English restaurant group

Mumtaz (ممتاز) is a restaurant group headquartered in Bradford, England. It was founded in 1979 by Mumtaz Khan Akbar. The group has expanded to include two additional locations, with the second restaurant in Bradford opening in 2008, followed by a Leeds location in 2010, and a Manchester branch in 2016.

In addition to its restaurant operations, Mumtaz Group manages a food processing division known as Mumtaz Food Industries. One of its primary facilities, which includes offices and warehouses, is situated in Mytholmroyd, West Yorkshire. The organization also maintains a collaborative relationship with Bradford College.

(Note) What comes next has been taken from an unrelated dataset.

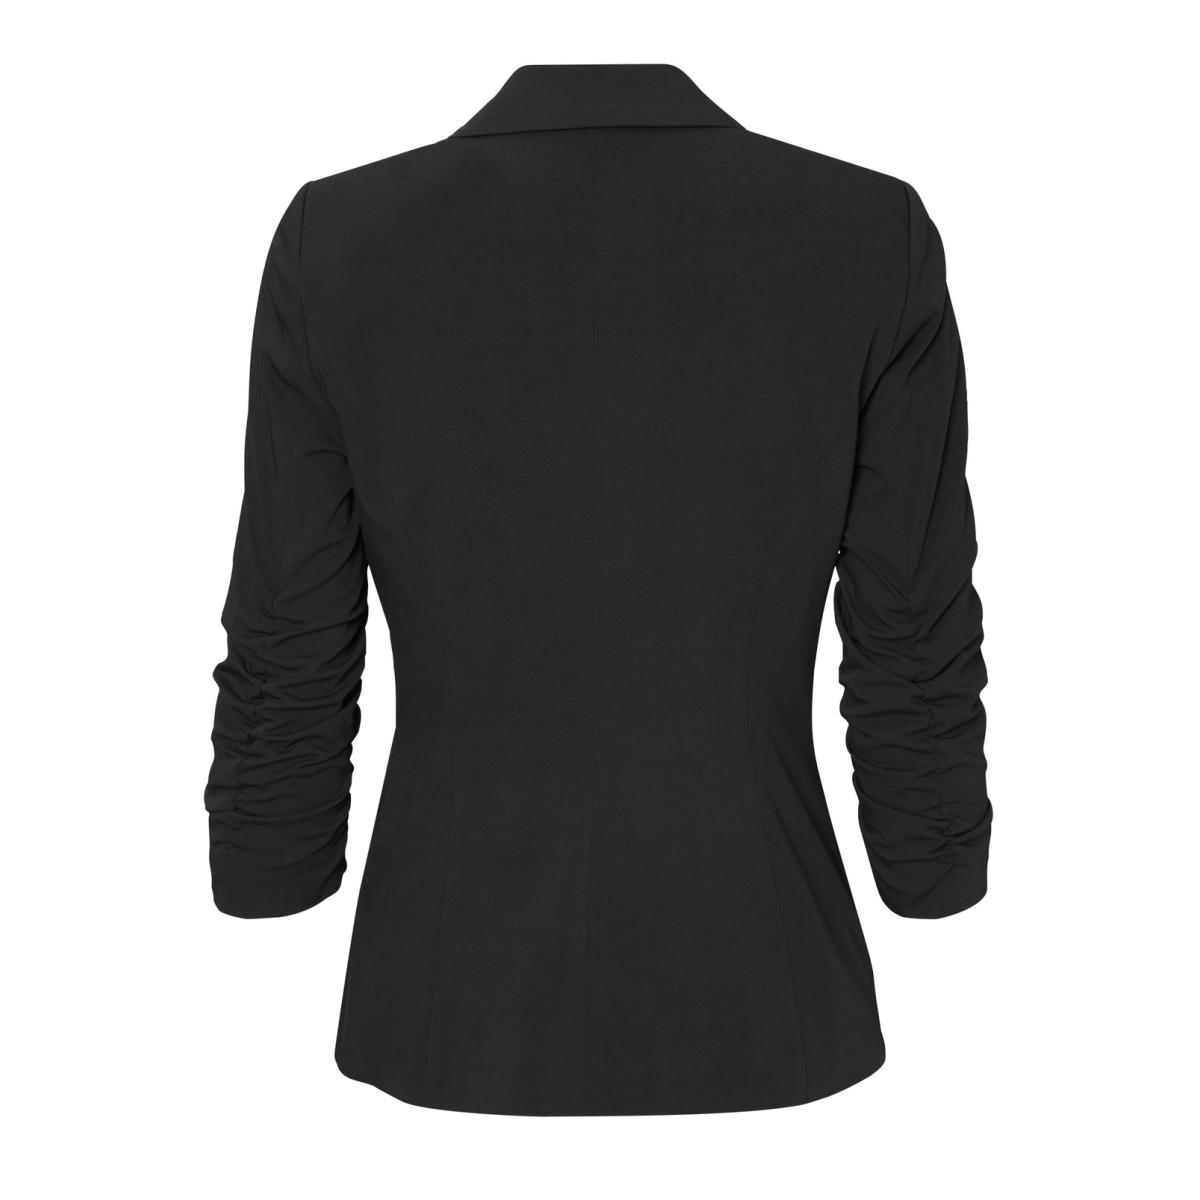 vmwrinkly 3/4 blazer noos 10179859 vero moda blazer black

Mumtaz Group pioneered the introduction of Halal baby food to the market. Its production facilities in Spain, Switzerland, Pakistan, Malaysia and France enable the group to export its products to over 36 countries worldwide.

From 2010 to 2014, the group ventured into franchising by operating a chain of outlets called "Jaldi Jaldi." The inaugural Jaldi Jaldi store was launched in Leeds by James Caan in April 2010. However, the majority of these outlets shut in 2013, with the last remaining store, at Leeds University Union, ceasing operations in April 2014.

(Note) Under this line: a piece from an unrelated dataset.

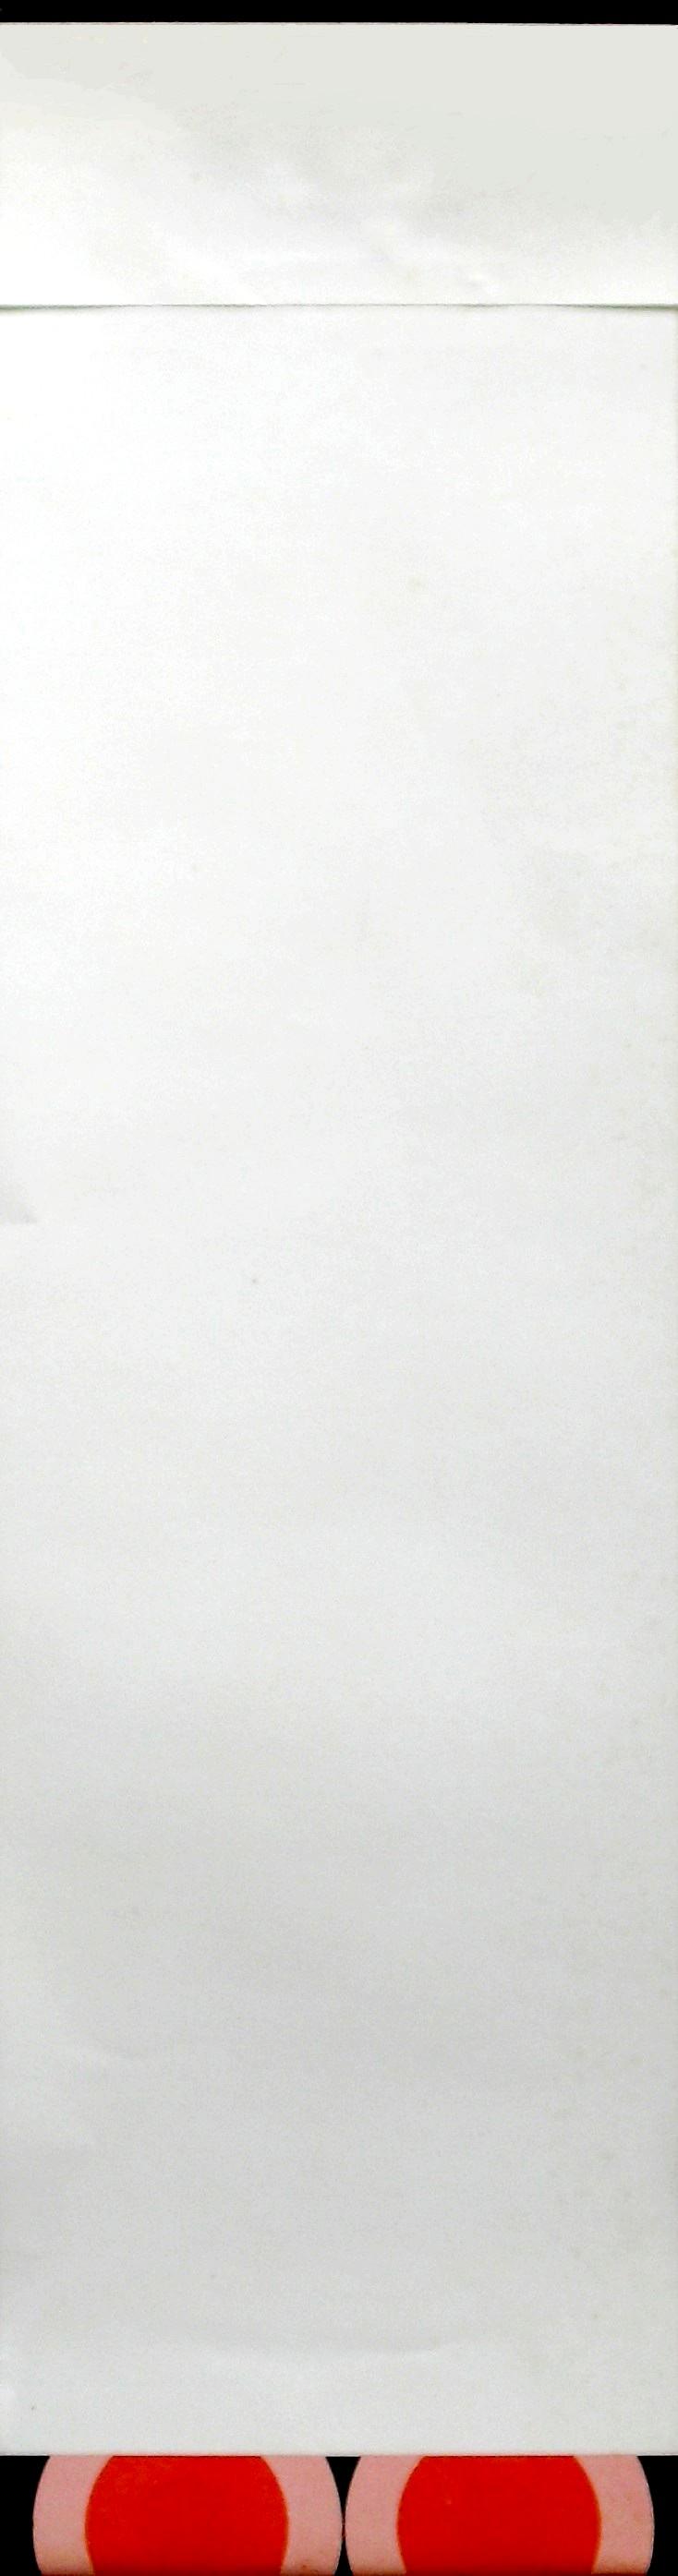 ON STAGE - FEBRUARY, 1970 02obirscnzec

== Disqualification of directors ==
Founder Mumtaz Khan Akbar was disqualified from being a company director by the High Court in Leeds on 16 November 2017 following an investigation by the Insolvency Service. The disqualification began on 8 December 2017.

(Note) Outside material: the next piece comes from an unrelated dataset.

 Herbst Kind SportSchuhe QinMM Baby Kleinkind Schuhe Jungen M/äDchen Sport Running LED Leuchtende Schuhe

On 9 February 2018, Dr Gul-Nawaz Khan Akbar, Mumtaz Khan Akbar, Rab Nawaz Khan Akbar, Fameeda Akbar and Kauser Akbar were disqualified relating to their directorships of Greentabs Ltd (trading, as Mumtaz Food Industries Ltd).

On 24 May 2013, Greentabs Ltd (Mumtaz Food Industries Ltd) went into voluntary liquidation owing £805,630, and during the proceedings it was discovered Dr Gul-Nawaz Khan Akbar, managing director, had used company funds to buy £976,055 gold bullion for his sole benefit between 30 November 2012 and 11 December 2012, will full knowledge of the board of directors, whilst £447,997 remained unpaid to creditors.

Dr Gul-Nawaz Khan Akbar was banned for six years, his two brothers were banned three years for facilitating the transaction, his wife and the wife of his brother, the founder of the Mumtaz Group (Mumtaz Khan Akbar), were each banned for two years for failing to uphold corporate governance.

==2018 tax case==
In 2018 HM Revenue and Customs began proceedings against members and former members of the Mumtaz Group, after they consistently failed to pay corporate taxes on time. HMRC required the company to pay an advance bond in order to continue selling taxable goods; members of the group knowingly failed to pay the bond and legal proceedings were undertaken.

==Offence taken by White British workers==
In January 2021, a former employee won an employment tribunal after a judge found the company had acted unlawfully through racial discrimination and unfair dismissal. A White employee was told by his supervisor that he wouldn't be able to understand how to cook the food as he was white, and that he "should go and work for an English company". When he complained about his supervisor's comments, no disciplinary action was taken against the supervisor, and the employee was dismissed from the company.